I walked for a while and after some time, I felt like I had no control over my body. I felt like I was in a daze. Perhaps because I was numb from the cold, or perhaps because I was just numb with purposelessness. I somehow descended the icy steps of a subway station without slipping and found myself at a platform. I had the vague impression of a few other people around me, but altogether I felt quite alone, like I was floating in some shadow of the world I once knew. When the car arrived I boarded like some automated machine, sitting down at one of the dingy turquoise upholstered seats.

And then, quite abruptly, a feeling of calmness floated over me. Then again, there's always been something about riding in vehicles that's been comforting to me. The feeling of moving while you are at rest, watching the countryside, or in this case, the tunnel lights flashing by in the window... I felt a bit better. And the lights, though fluorescent like those in my client's office building, were a lovely golden color that made me feel like I was warm for once in this city.

I felt like clouds were being lifted, and then I happened to look up and notice a man sitting on one of the benches about ten feet from me. He was about middle aged or so... I'm really bad at gauging ages. There was really nothing terribly extraordinary about him at all. He was perhaps a businessman on his way home from work, accustomed to the drudgery of a long hard day. But I did feel a kind of aura about him that was calming, like the gentle vibration of the car we were riding in. And his face had an expression of dull enduring pain that I somehow related to immediately. I felt like I was looking into a mirror of a man who reflected all of the sorrow I had ever felt.

And, well... I can't really explain it well, but though our eyes met for only a brief instant and nothing more, I felt like I had told him everything about myself and my thoughts and my feelings in that one glance. As if in that one instant I had poured out all of the frustration and bad feeling I had ever experienced, which in turn evaporated then and there into the flickering fluorescent lights. And even more strangely, I felt like he had done the same for me.

Though we didn't speak or look at each other again, I felt like I had made a connection with a person for the first time in a long while. I know all of this sounds corny or cheesy, and I guess it is in retrospect. But you know how things are when you're caught up in a moment. Where it doesn't matter if things sound good in writing or to other's ears, all that matters is how you felt and how you perceived it at the time. Even I have to admit that I feel a bit silly writing about it now, but that's life, that's just how it happened.
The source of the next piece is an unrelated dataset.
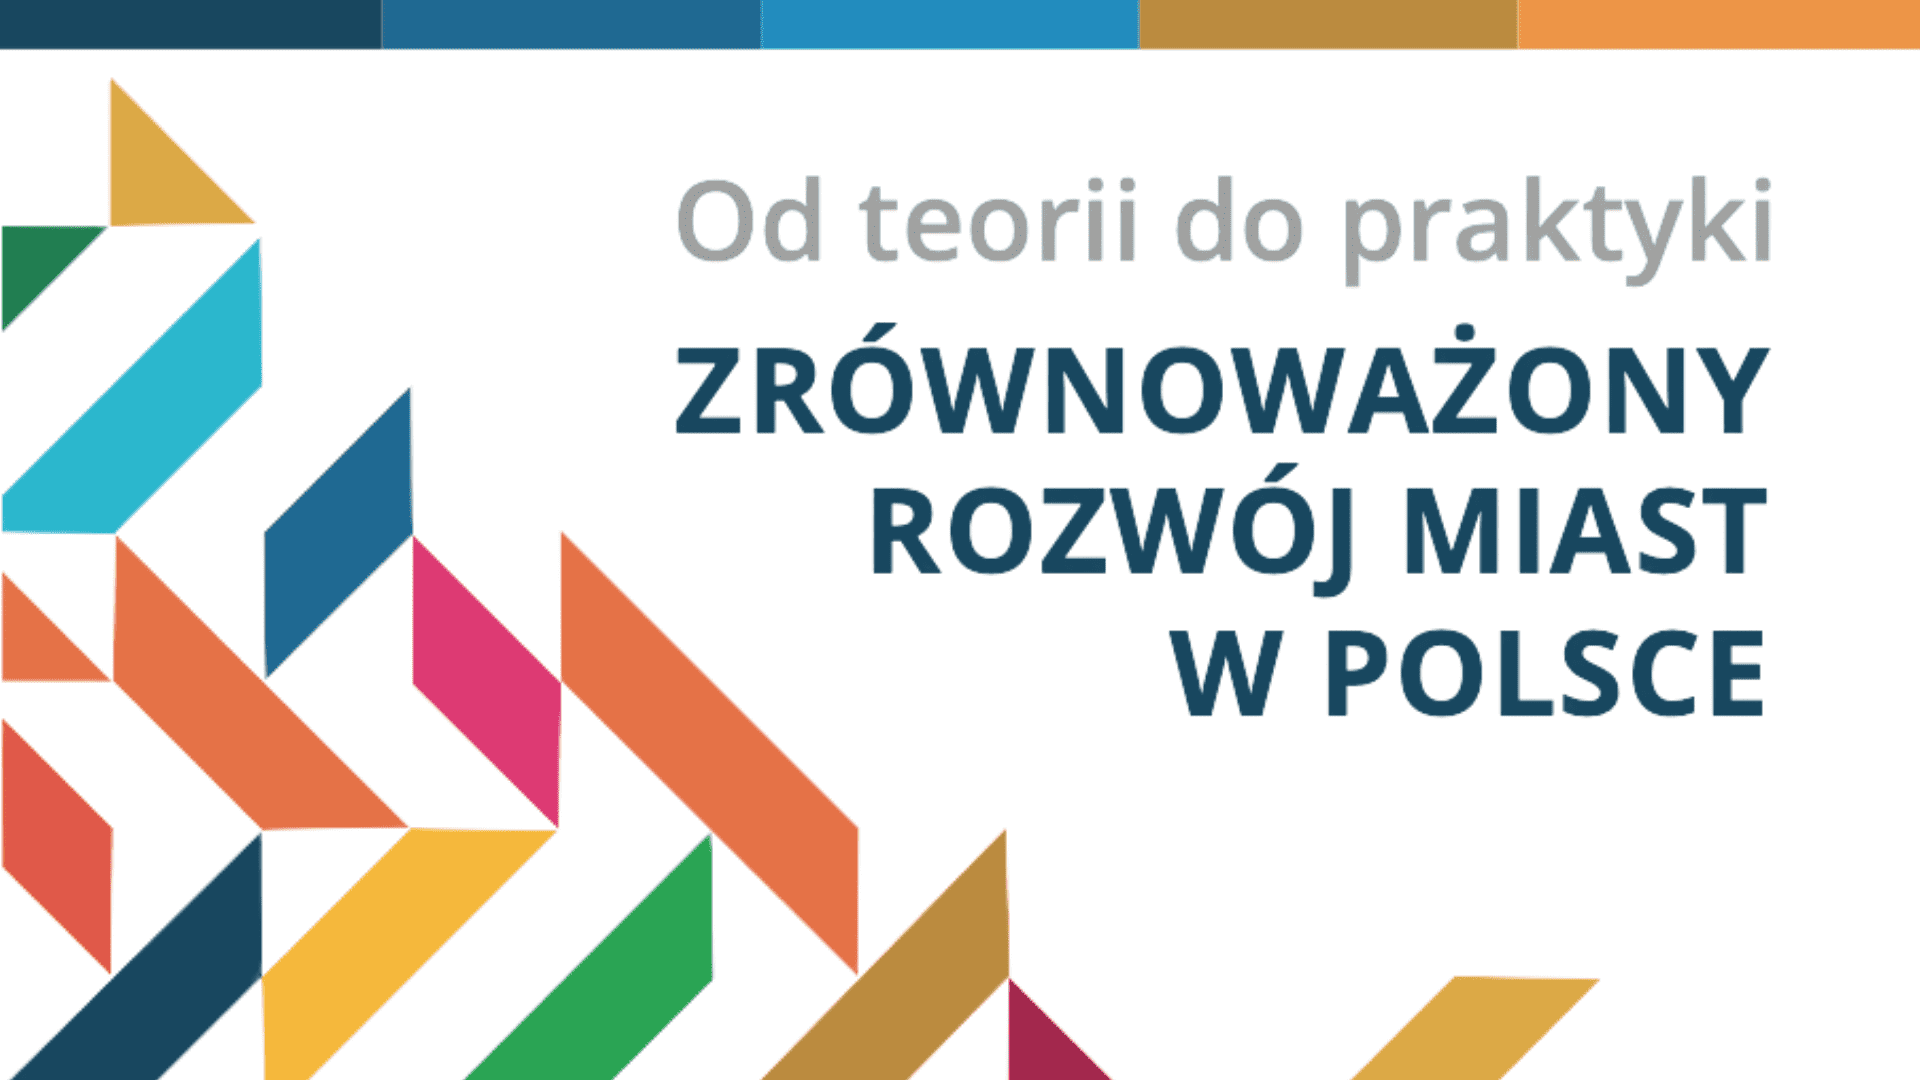 Zrównoważony rozwój miast w Polsce – relacja z 1. panelu wideokonferencji

It only lasted for a minute or too, and then, as if on cue, the car stopped at the station nearest my motel, and both he an I got up to exit. Again, no words, nothing, but I departed the car and ascended the stairs again into the wintry urban landscape. The cold drizzling had by now turned to pouring rain, but I didn't bother to run the few streets to my motel. The warmth of the moment on the subway lingered with me, and I was drenched by the time I arrived at my old gray room.

As if to make the moment last, I set about rearranging the furniture in my room to mimic my own childhood bedroom while I was growing up in my parents' house. The dresser on the south wall, the desk on the north, and the bed on the east wall, just below the window. And as I sat on the bed cross-legged the way I used to as a child, passing the time peering outside at the world through my second story window, I thought how much better the energy flowed through the room now that I had rearranged things in accordance with proper feng shui.